The UK Serious Fraud Office [SFO] was set up in 1988 charged with investigating and prosecuting corruption and high-level corporate crime. For much of its life, it has been variously, incompetent, underfunded and neutered by political pressure.

In 2012, the SFO botched the investigation of Vincent and Robert Tchenguiz—London-based tycoons accused of fraud over the collapse of an Icelandic bank. The case had everything: dawn raids in ritzy Mayfair and Chelsea, billionaires in handcuffs and the possibility of recovering cash for victims. Everything, that is, except admissible evidence. The effort collapsed almost as soon as it reached a courtroom, when it turned out the SFO’s search warrants were unlawful. The judge called the agency’s work “sheer incompetence.”

Since the arrival of a new Director, David Green in 2012, it seems to have been turned into an effective law enforcement outfit. It’s scored wins against top-drawer companies such as Rolls-Royce Plc (for bribery) and convicted the ringleader of the effort to rig the Libor index and SFO investigators began inquiries into globe-spanning wrongdoing at Tesco and ICBC Standard Bank, which have led to $900 million in fines.
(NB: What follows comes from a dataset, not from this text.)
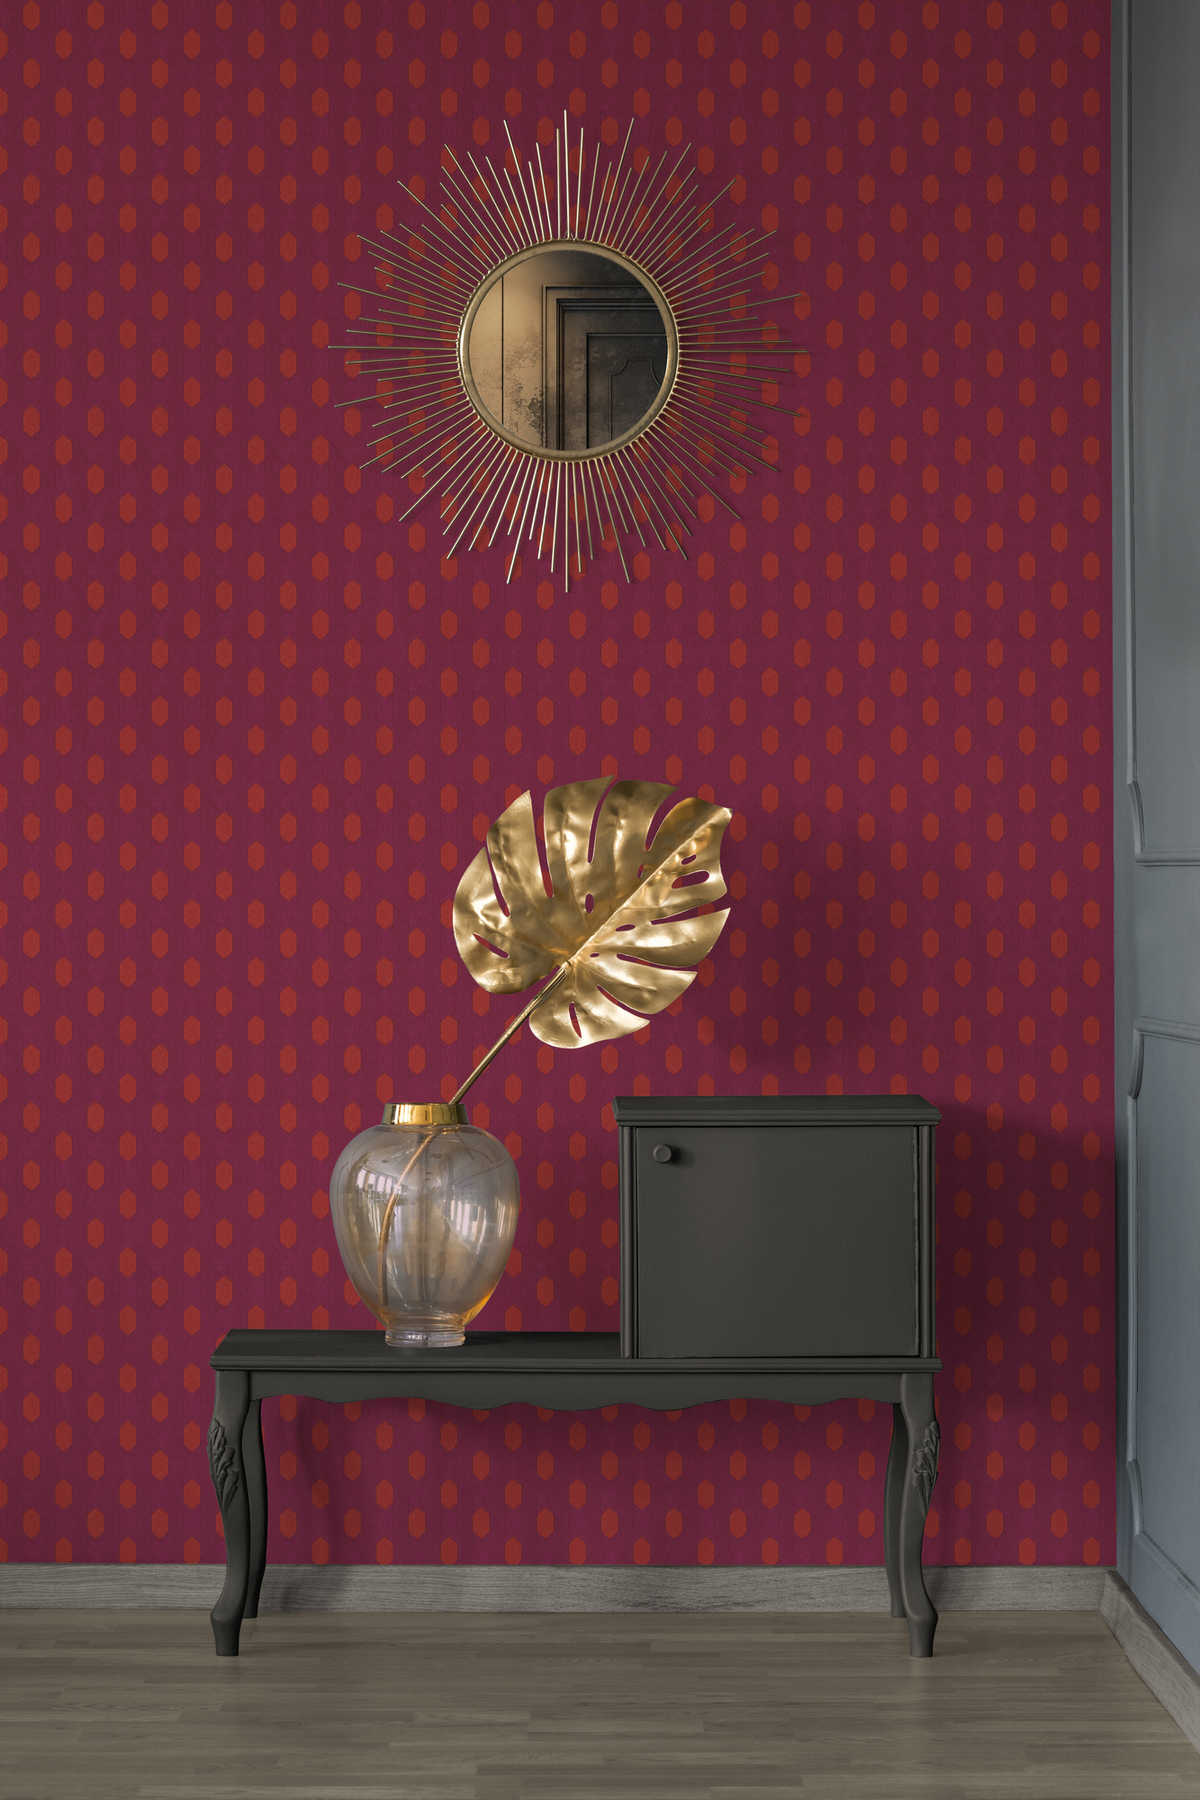             Magenta behang met geometrisch patroon - violet, rood, oranje

Last June the SFO charged Barclays, its ex-CEO John Varley, and three other former executives with fraud in connection with a deal that epitomized the global connectivity of London finance. In October 2008, Barclays was saved from collapse thanks to a $12 billion investment led by Qatar’s government. As part of the transaction, Barclays paid Qatar a secret $452 million fee for “advisory services” and loaned the country an additional $3 billion. To the SFO, the fee looked like a bribe and the loan an attempt by Barclays to illegally fund a purchase of its own shares. (The executives and the bank deny wrongdoing.)

For Teresa May, the success of the SFO is most unwelcome. Brexit talks are not going well and May is desperate to maintain the U.K.’s attractiveness to international capital after it finally leaves the European Union. The sudden emergence of an aggressive anti corruption agency is unhelpful to her pitch, which is aimed at such countries as China, Russia, and Saudi Arabia, not exactly models of financial probity.

Mrs. May is interested in eliminating the agency and to bring investigations under firmer government control by merging it with the National Crime Agency where white-collar cases would vie for limited resources with investigations into everything from cigarette smuggling to prison breaks.